В ответ он пожимает плечами.
— Наверное, что-то очень секретное?
Он кивает.
— Но ты же понимаешь, я журналист, а это значит, что всё тайное станет явным.
— Прямо-таки всё?
— Всё-всё, даже не сомневайся. Рассказывай.
Мы остановились на светофоре. Вены на Серёжином лбу надулись и запульсировали, ноздри расширились, потянули со свистом воздух, он тяжело сглотнул и спросил низким голосом:
— Алёна, что между нами происходит?
— Ну, мы в первую очередь друзья, — отвечаю несколько смущенно. Никак не ожидала такого вопроса.
— То есть я для тебя просто друг?
— Перестань. Я такого не говорила.
— Нет, ты сказала: «мы друзья», — повышает тон Серёжа.
— Не цепляйся к словам.
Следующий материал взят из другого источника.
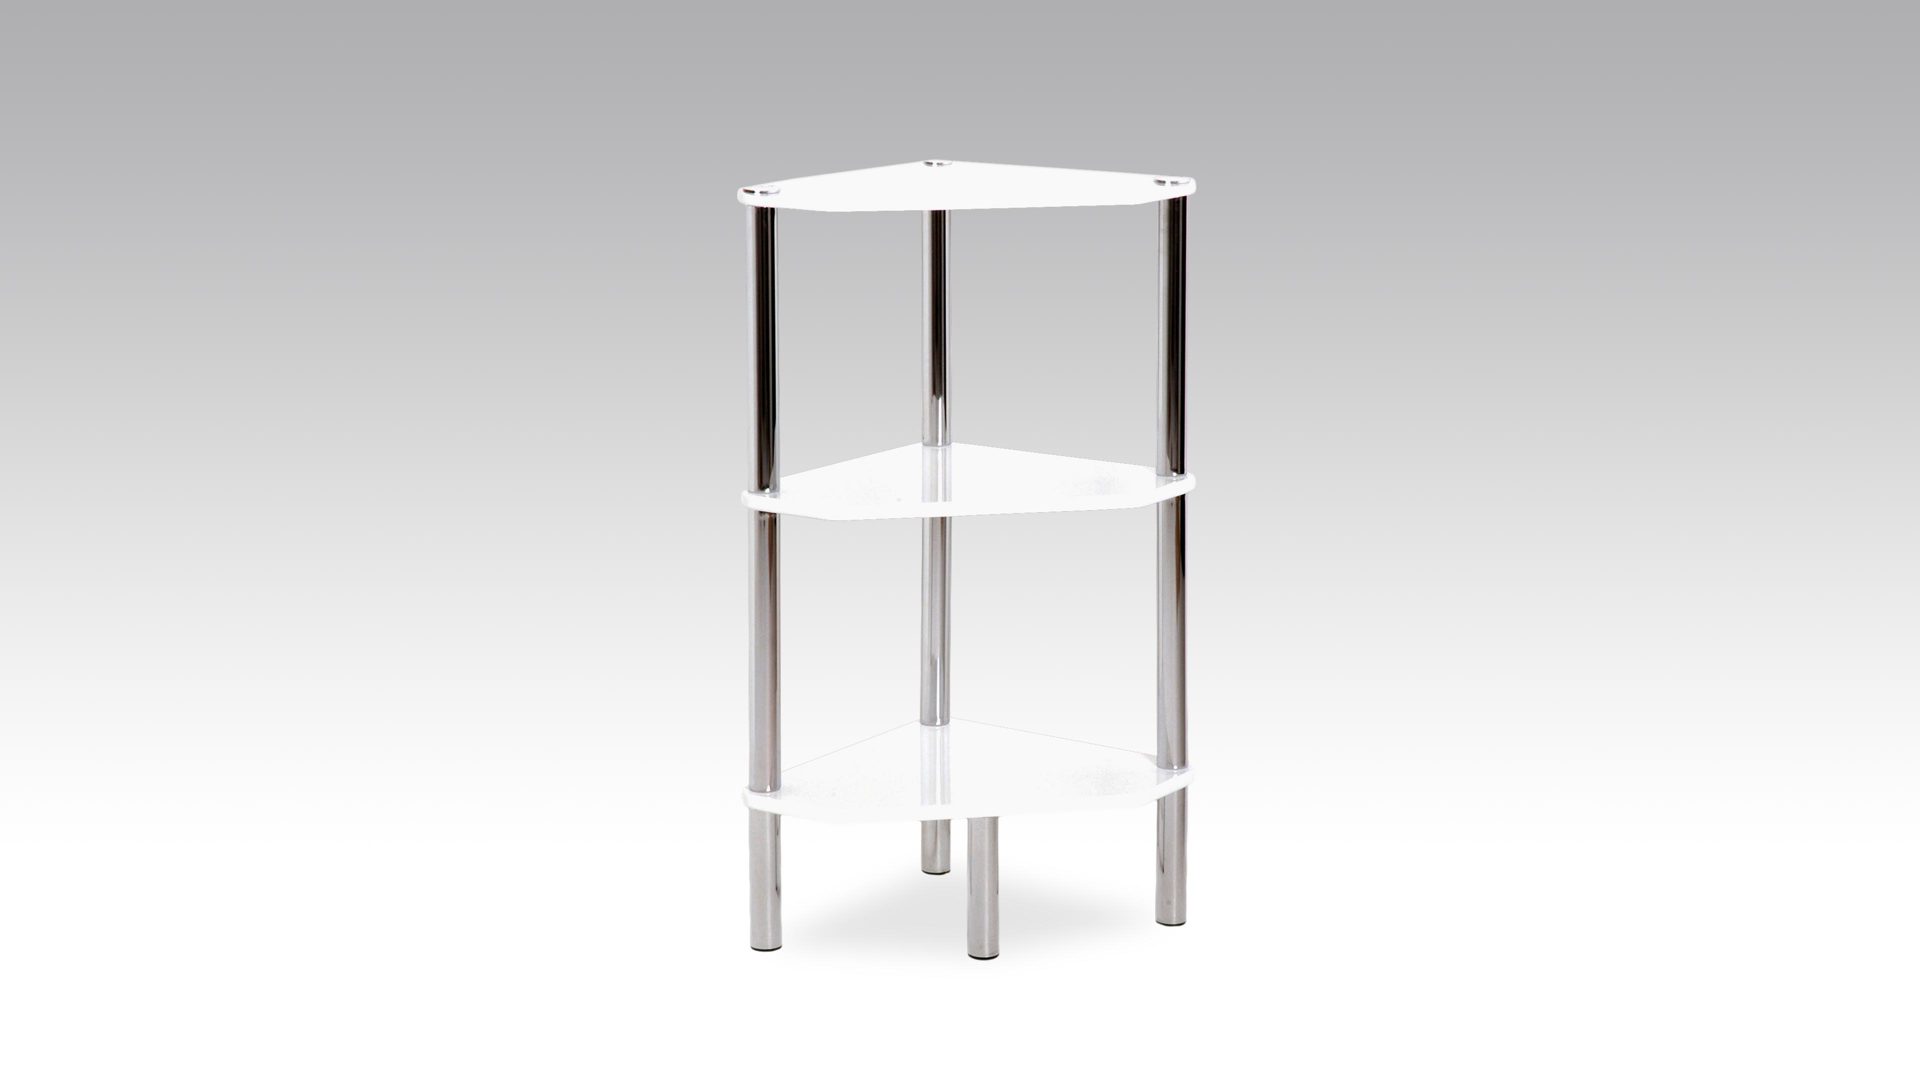 Eckregal Haku aus MDF Metall in Weiß Eckregal, ein Kleinmöbel für moderne Wohnlandschaften weiße Kunststoffoberfläche & Chrom - drei Böden, Höhe ca. 77 cm
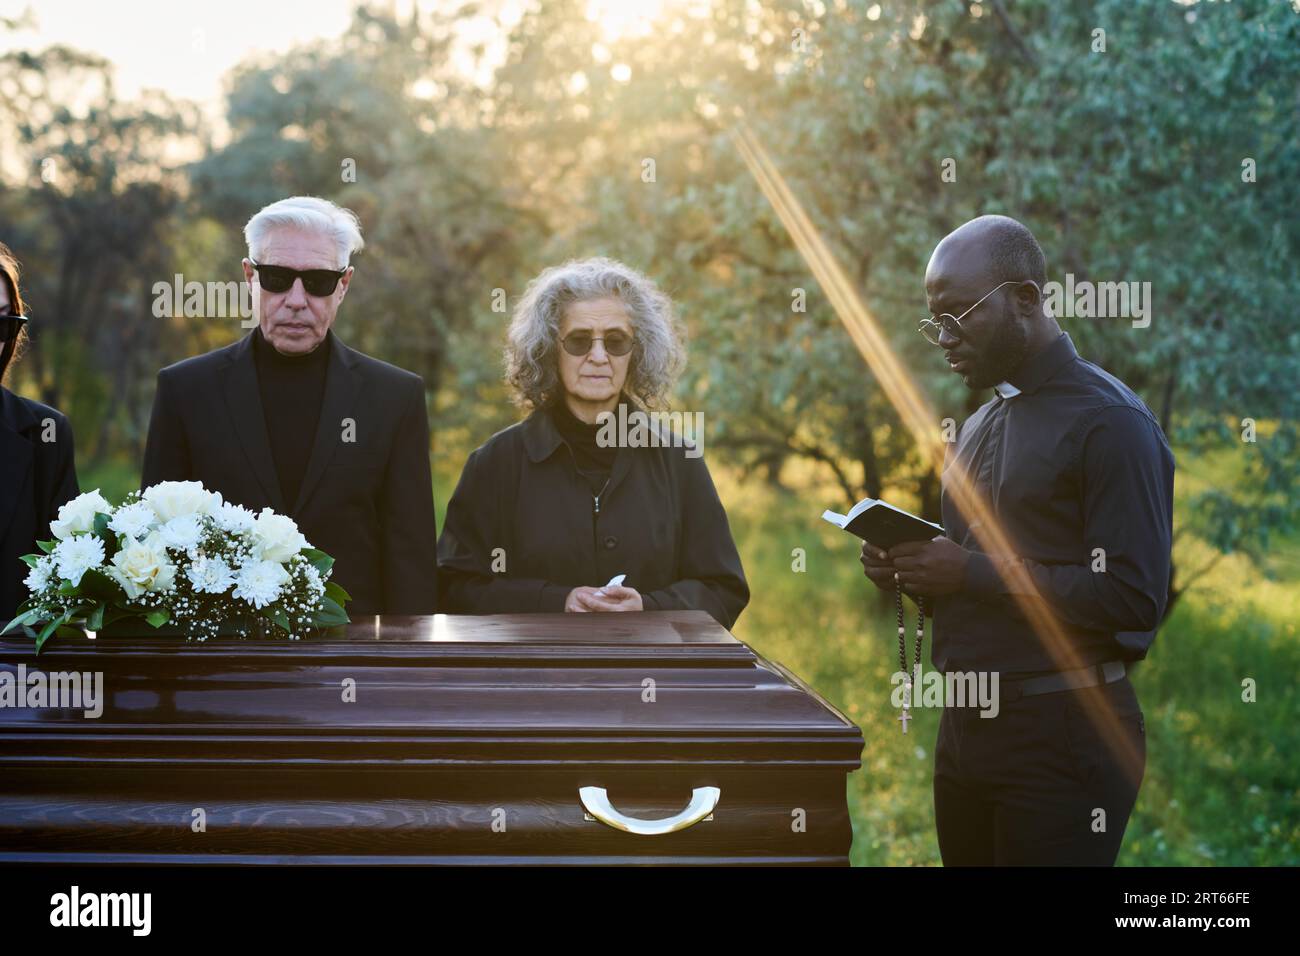 Jeune pasteur lisant des versets de la Sainte Bible tout en se tenant devant un cercueil avec le couvercle fermé et les parents en deuil de la personne décédée Banque D'Images

Я сказала, что в первую очередь мы друзья.
— А во второю очередь кто мы?
— Это уже зависит от тебя. Чего бы ты хотел?
Он приподнял брови, на лице смешалось возмущение и удивление.
— Хм, сколько времени мы знакомы, столько я знал ответ на этот вопрос, а вот сейчас не знаю. То есть знаю, но как это сказать, не знаю, понимаешь? Разве с тобой такого не случалось?
— Нет, я всегда знаю, чего хочу и как это сказать.
— Вот и ответь.
— Я точно знаю, что хочу прекратить этот совершенно дурацкий и пустой разговор. Разве тебе со мной плохо?
— Мне с тобой очень хорошо.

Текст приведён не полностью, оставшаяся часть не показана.